Whiskey Tango Foxtrot: We just had to ask...


Published September 12, 2012 at 9:56 a.m.


If you drive south along Spear Street in South Burlington in September, just a bit past the intersection with Swift Street and before you reach the endless expanse of McMansions down the road, you may notice an unusual sculpture gracing a lawn on the left side of the road. As you approach and clear a grove of pine trees, the first figure appears: a baseball player, clad in a gleaming white uniform with black and orange trim, his back bearing the number 24, seeming to run at full gait toward the road. Then another figure emerges, glove outstretched to the sky as a ball rockets downward. The ball disappears into the glove of a third figure. A fourth has wheeled and is turned toward an imaginary ball field. The fifth fires the ball, seemingly into oncoming traffic, losing his hat from the force of his throw.

Most baseball fans would recognize the images immediately. The wooden cutouts portray New York Giants center fielder Willie Mays making one of the game’s truly historic plays, known simply as “the Catch.” But lawn ornaments along this section of road are rare — the well-to-do ’hood is not exactly a habitat for pink flamingos or gnomes. And SoBurl is a long way from the fabled Polo Grounds in Harlem; farther still from San Francisco, where the Giants later moved and still play. So what in the wide world of sports is the Say Hey Kid doing on Spear Street?

The cutouts belong to local businessman and CEO of MyWebGrocer, Rich Tarrant Jr.
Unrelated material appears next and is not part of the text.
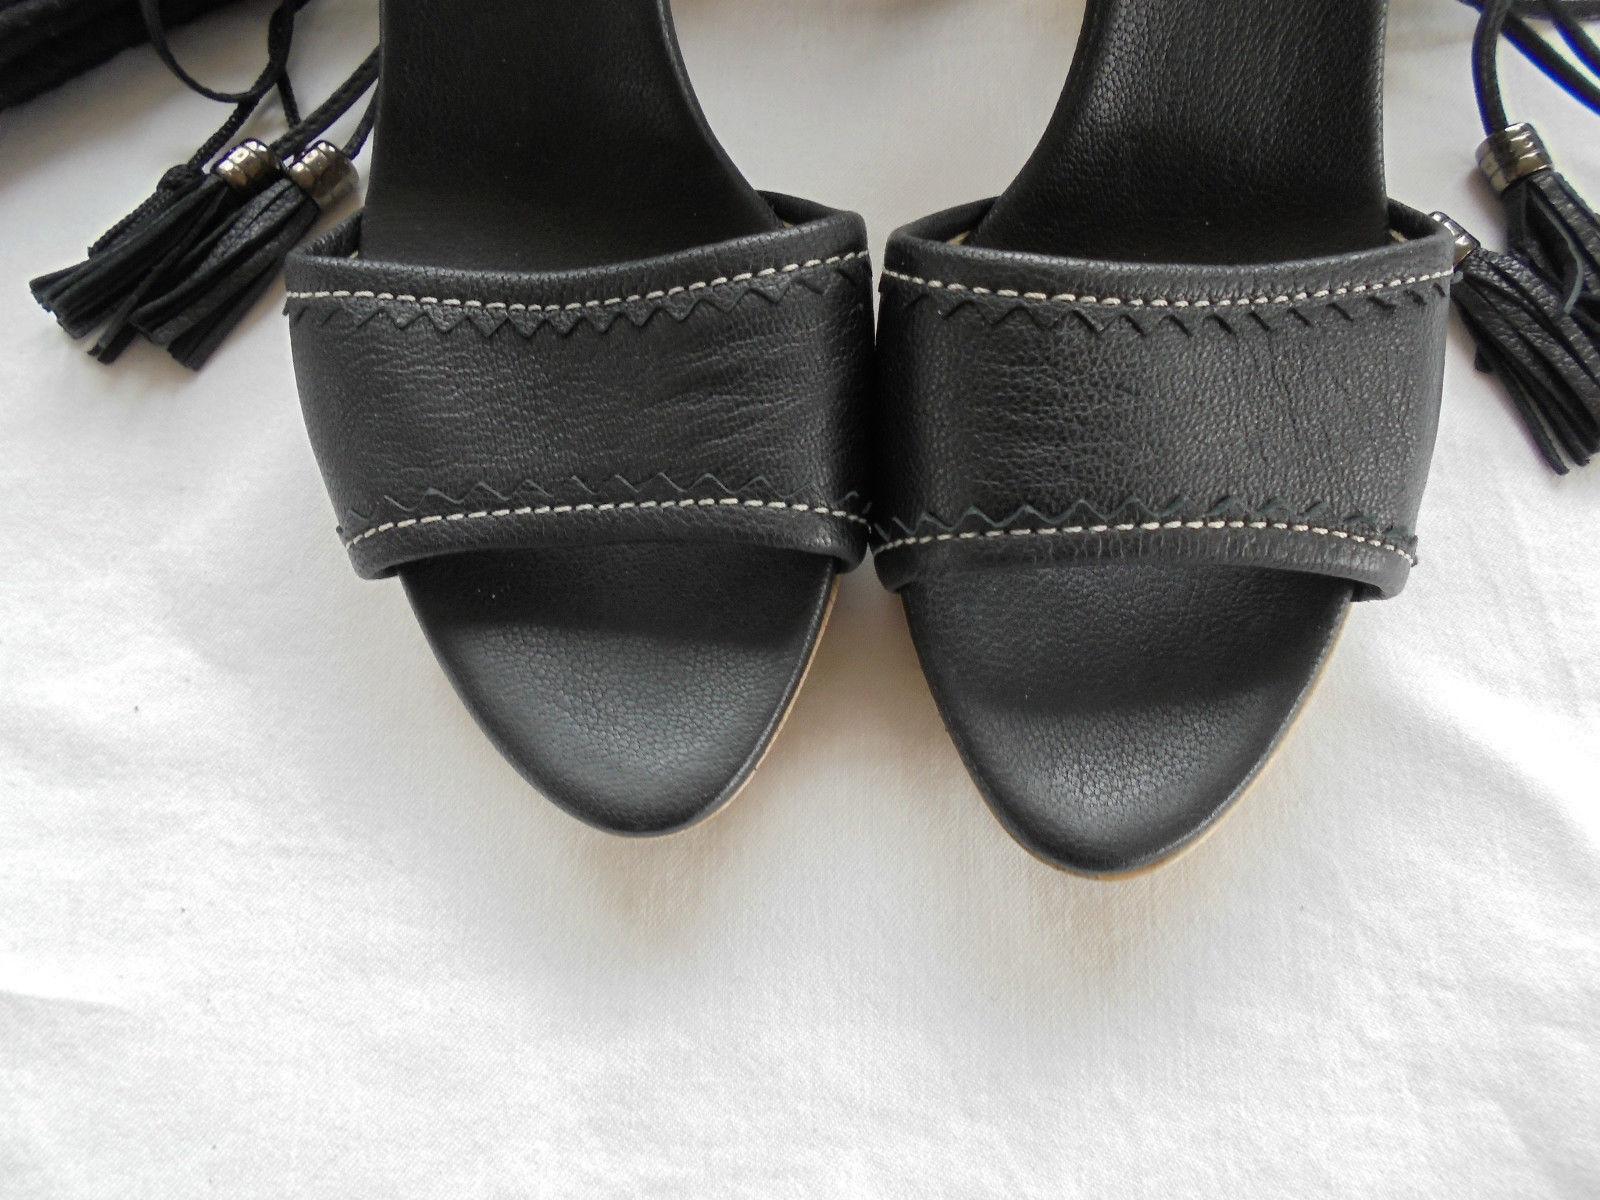 Hugo Boss Leder High Heels NP:  w NEU Clogs 39 Sandalen Schuhe Pumps Gr. 39 Clogs 06732d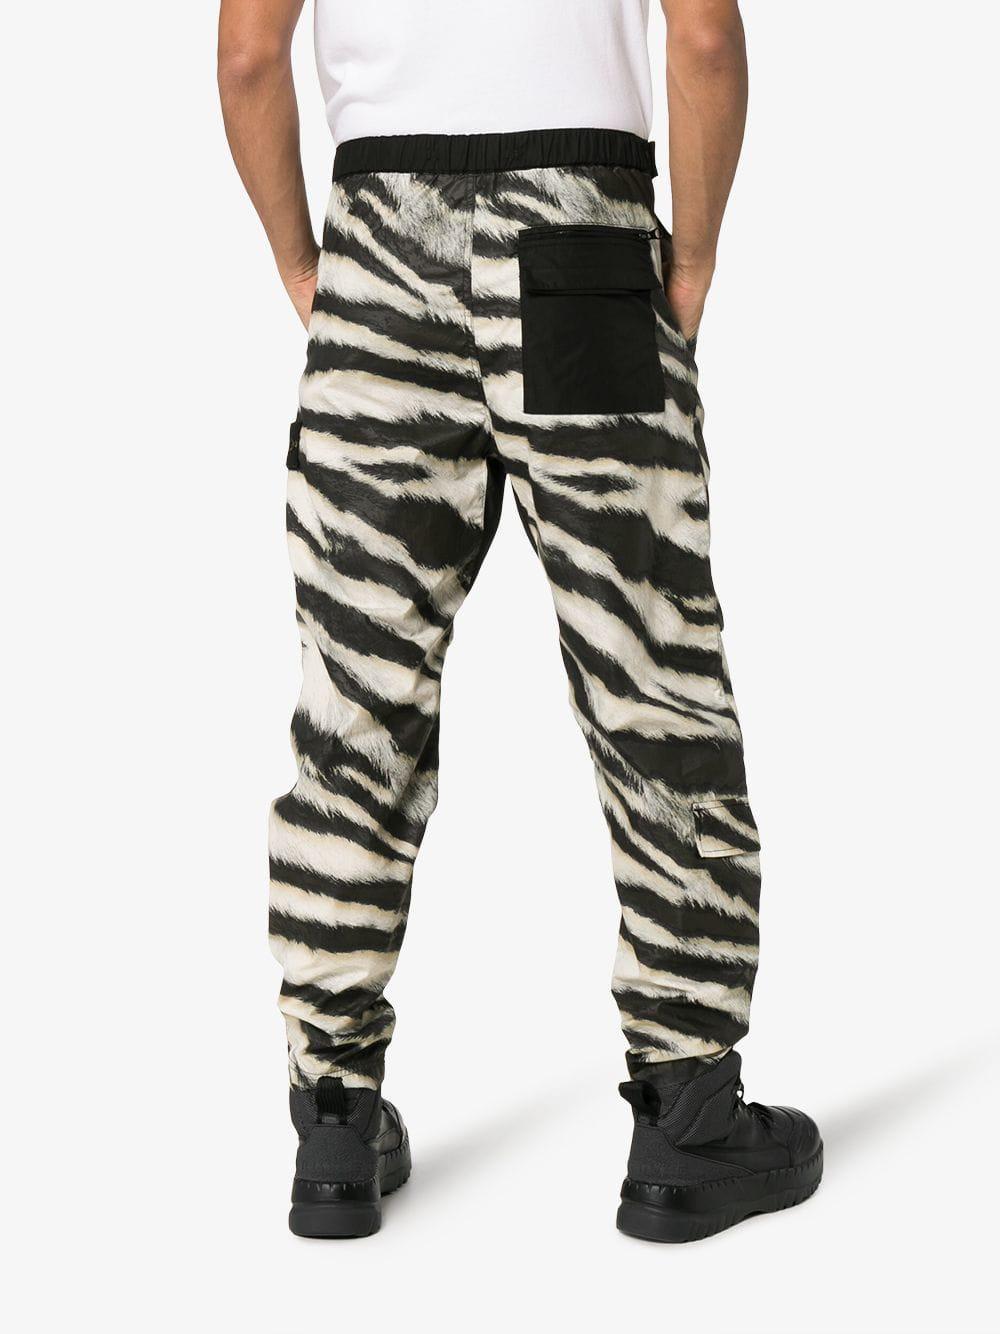 Desert Camo Zubaz Pants Zubaz Pants New Camo

He’s an avid baseball fan, though he doesn’t root for the Giants — Tarrant is a Yankees fan. But every year in September, weather permitting, he sends “Willie” racing after Vic Wertz’s screaming line drive. Why? September 29 is the anniversary of Mays robbing the Indians’ first baseman of a crucial extra base hit in the eighth inning of game one of the 1954 World Series.

“When I look at that play, I always think one of these days the ball is going to go over his head,” says Thom Ross, the artist who made the cutouts in 2004 and brought them to the site of the old Polo Grounds stadium in Harlem to commemorate the play’s 50th anniversary. “But he catches it every damn time.”

Ross, a painter and illustrator who is best known for his life-size cutout renderings of iconic historical images — especially those of the Old West — grew up watching Mays play in San Francisco, where the Giants moved in 1957. Ross gave the cutouts to his friend Tarrant several years ago before he moved from Vermont to Colorado, where he now lives and works. While he admits Mays is his favorite player, Ross says the cutouts, and the athlete’s incredible play, represent something larger than fandom.

“As an artist, my passion has always been for folk heroes and events that, for some reason, remain immortal,” he explains. Mays has often said that his World Series catch wasn’t the best he ever made. But, given the magnitude of the setting, it’s his — and the game of baseball’s — most famous.

Both Ross and Tarrant point out that Mays’ catch couldn’t happen today. The playing field at the Polo Grounds was cavernous compared to modern ballparks, with a center field that extended to 483 feet. Mays, playing shallow, raced back on contact to about 420 feet — a home run in most parks today — to make his improbable, over-the-shoulder running catch.

“It wasn’t a towering shot that Wertz hit and Mays could run under,” Ross explains. “It was a line shot. So everyone is frozen watching this one guy running after a ball that no one thinks he can catch.”

That improbability, he says, is why the Catch is more than famous: It’s symbolic.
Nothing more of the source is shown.